In the evening, I went down to my kitchen to make a cup of tea, and discovered a crab on the wall above the stove, almost at intersection of the wall with the ceiling. The crustacean seemed to be looking at me very intently—or maybe crabs only look intently because their eyes are very tiny? At first I thought the crab was an imaginary creature who was somehow a projection of a crab in my interior.

“Ha!” Raven, as usual is reading over my shoulder as I write this. “What a pile of crap: crab in your interior, indeed.”

I didn’t say it WAS; I said that was my first thought.

“Sounds like you were drinking more than tea. Are you sure you even saw SOMETHING?”

Rave, it was a crab. It was about 5 inches across, different shades of orange, and it wiggled its leg at me.

“Waving hello, no doubt. And did you happen to ask how it crawled up the cliff from the beach to your kitchen and then crawled up the wall?”

Not exactly. I asked it what it was up to. That’s when it wiggled its leg.
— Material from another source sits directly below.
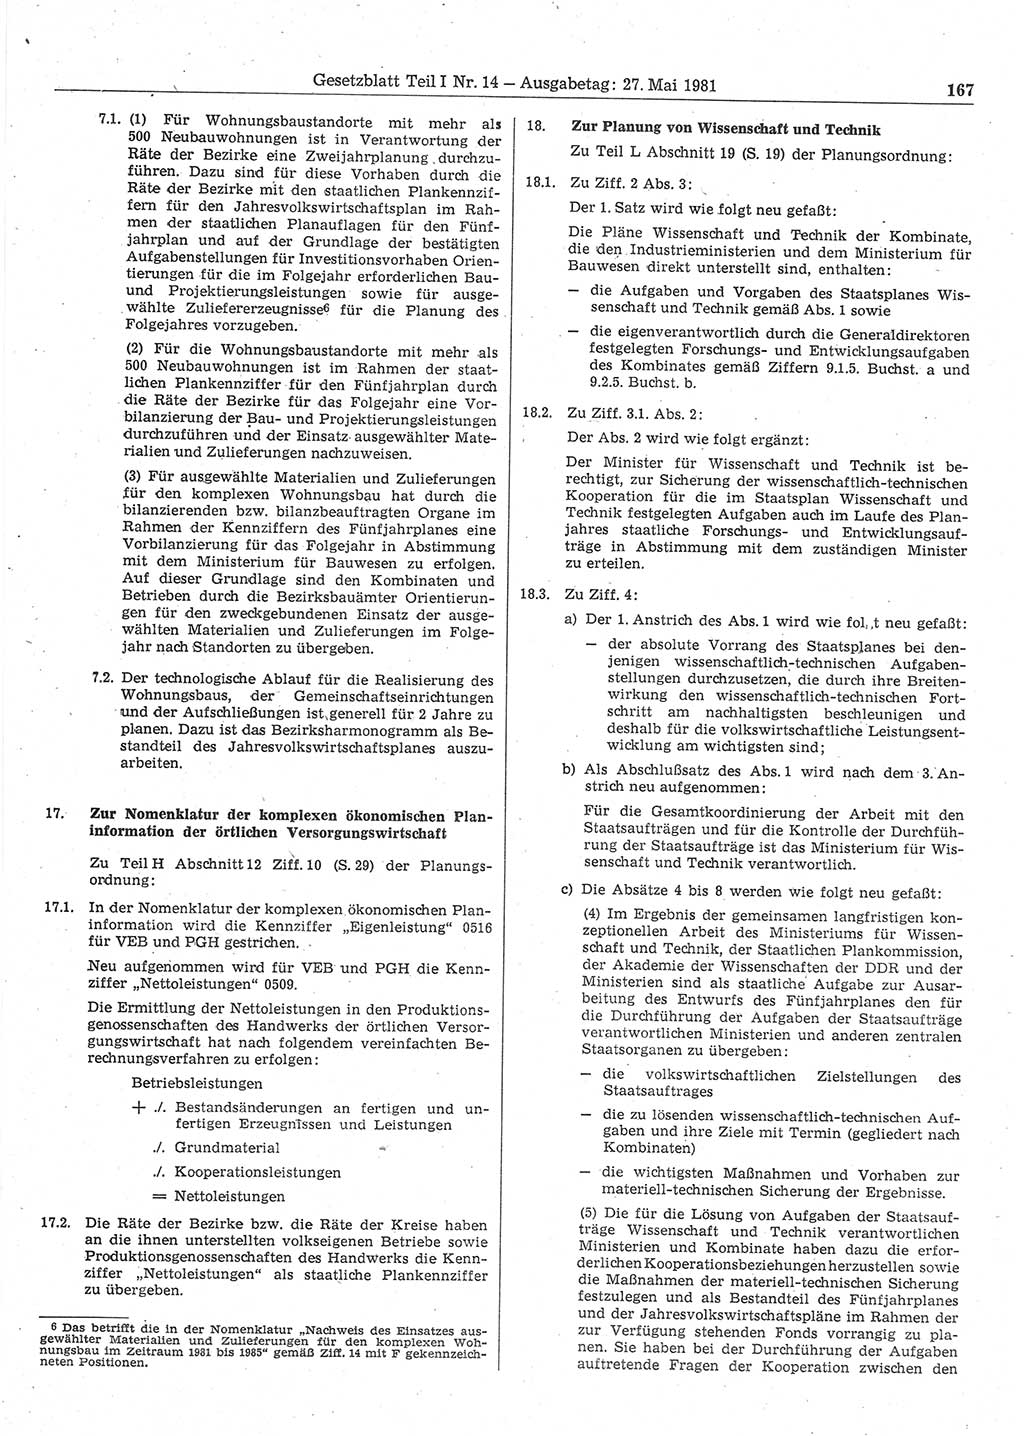 Gesetzblatt (GBl.) der Deutschen Demokratischen Republik (DDR) Teil Ⅰ 1981, Seite 167 (GBl. DDR Ⅰ 1981, S. 167)

I thought it was a sign, but it wasn’t in my language, so I didn’t understand.

“I think you spend too much time reading fiction. It’s taking over your daily life. Crabs are very tasty; you could have popped it into a pot of boiling water. Isn’t that what you people usually do to crabs?”

Rave, you’re impossible. For somebody so high-minded as you to even suggest killing a fellow creature is shocking. I wasn’t going to kill it. Besides, I’m allergic to shellfish. I just wanted to know its message.

“I’m not an assassin; I’m a scavenger. It’s my nature to know which creatures among the “possibly scavenged” are tasty. Probably there was no message. The creature was confused. All creatures are confused these days. We can’t believe the crazy stuff that’s happening on the planet. Another creature may have invaded its home and run it off. When we start imitating the behavior of your species, anything can happen.”

We’ve been down this road before, guy. I don’t want to take the heat for the nasty stuff some members of my species are up to.

“Fine. Some members of your species want to eliminate all the other species on the planet—not to mention that some members of your species want to eliminate a significant percentage of your own species just because they don’t agree with the Bush Gang. And they're trying to eliminate their historical memory, too, by destroying several thousand years worth of artifacts—so that history doesn’t begin in Sumer, but in a bar in Texas. But you’re not part of that. So what are you doing to stop it?”

I’m trying to raise people’s awareness.

“Great. And the crab? What did you do about it?”

Nothing, Rave. What could I do? I turned off the light and went back upstairs.